In a 1.5-l. beaker (Note 1), 191 ml. (180 g.) of aqueous 25% dimethylamine solution (1.0 mole) is diluted with 64 ml. of water and treated with 116 g. (1.1 moles) of nitrourea.² The temperature of the resulting brownish liquid rises spontaneously to 35–42°. The solution is warmed to 56–60°, and a reaction sets in vigorously with evolution of nitrous oxide. External cooling with water is applied when required; the reaction temperature is maintained below 70° during the first 5–7 minutes and below 85° during the second period of 5–7 minutes. After a total of 10–15 minutes, the effervescence slackens and the reaction mixture is kept at 90–100° until the evolution of gas has completely ceased. This usually requires an additional 15–20 minutes.

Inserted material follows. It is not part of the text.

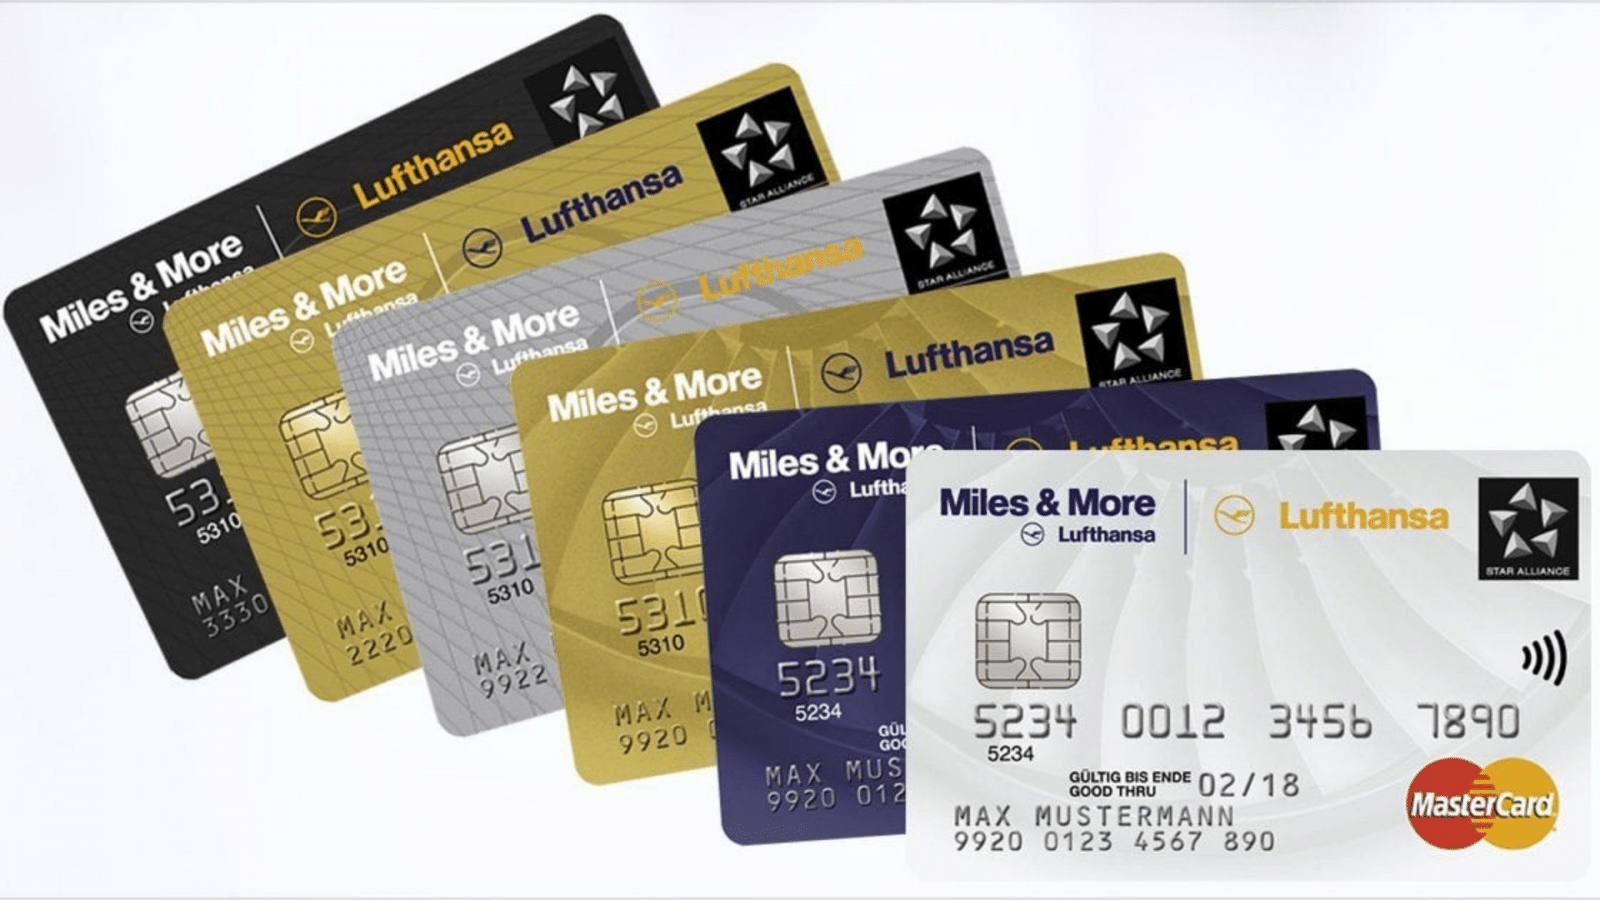 Телефон miles. Карта Miles and more. Мильная карта Lufthansa. Банковских картах пассажиров. Lufthansa Золотая карта лояльности.
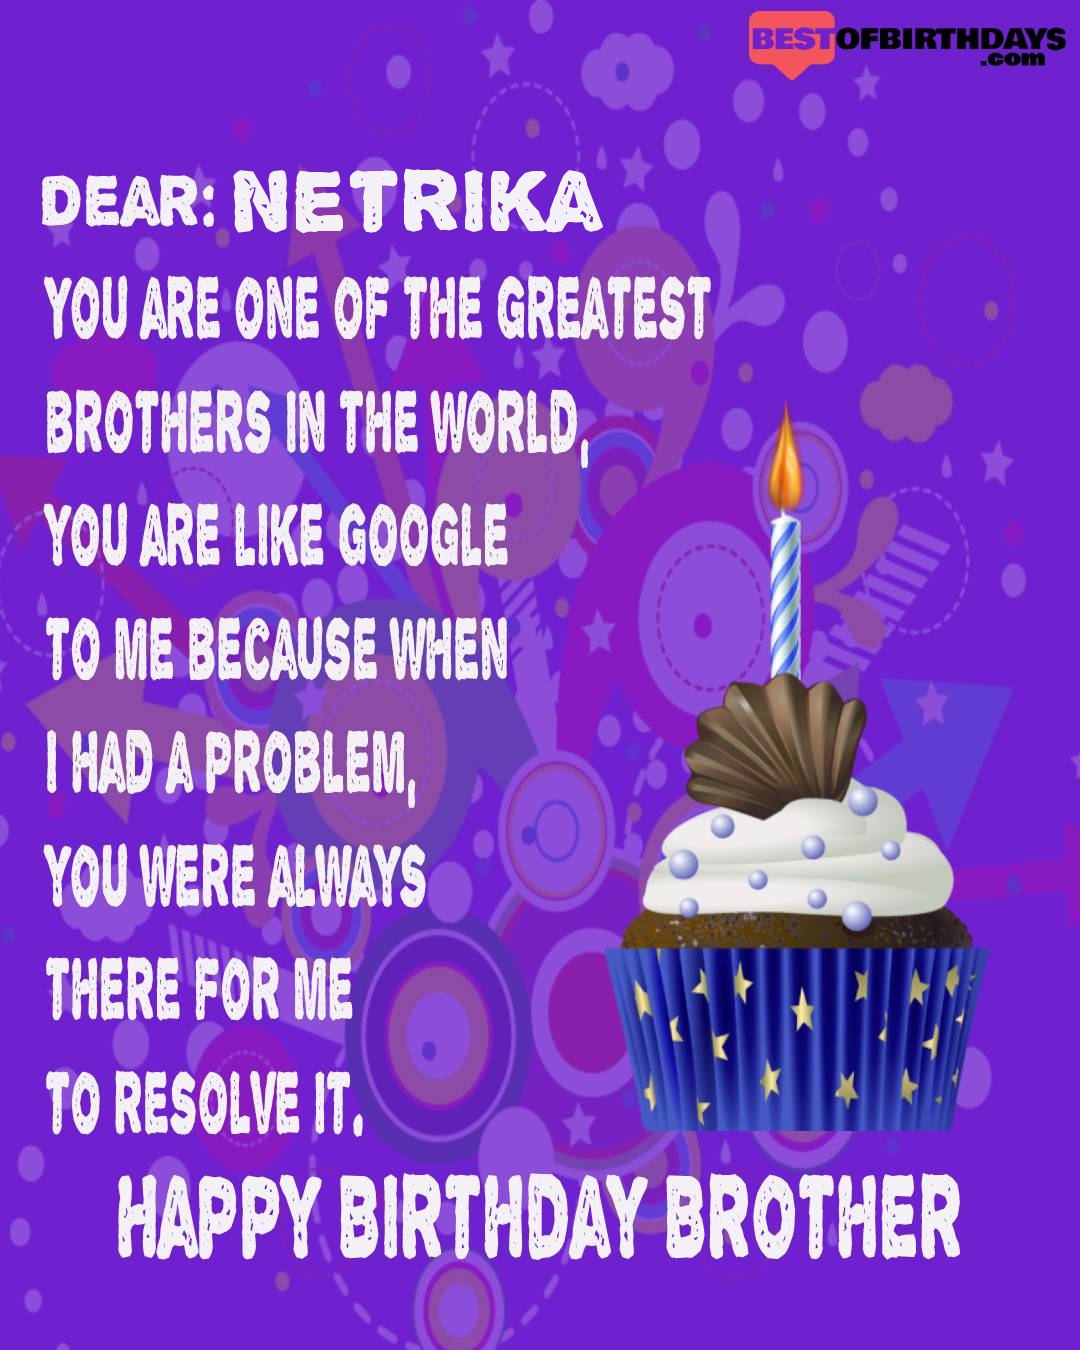 Happy birthday netrika bhai brother bro

The resulting liquid is heated with about 1 g. of activated carbon and is filtered with suction while hot; the clear, faintly colored filtrate is transferred to an evaporating dish and heated on a steam bath to remove most of the water. The residual, somewhat viscous, liquid (about 120 ml.) is then transferred to a beaker; the evaporating dish is rinsed with 10 ml. of water, and this solution is added to the contents of the beaker. To this is added 95% ethanol (50 ml.), and the mixture is warmed to effect solution. On cooling, large crystals separate which, at 0°, almost fill the bulk of the solution. The crystalline mass is broken up with a glass rod, collected on a suction filter, and washed quickly, while on the filter, with two successive portions of ice water (Note 2), drained, and air-dried (Note 3). The yield of large, colorless prismatic crystals of asym-dimethylurea is 35–40 g. (40–45%); m.p. 182–184° (Note 4).

The combined filtrates, on further evaporation and dilution with 95% ethanol as above, yield an additional 15–20 g. of material of approximately the same quality, bringing the total yield up to 57–68%. In a series of preparations, yields can be further increased a few per cent by carrying over mother liquors to subsequent batches.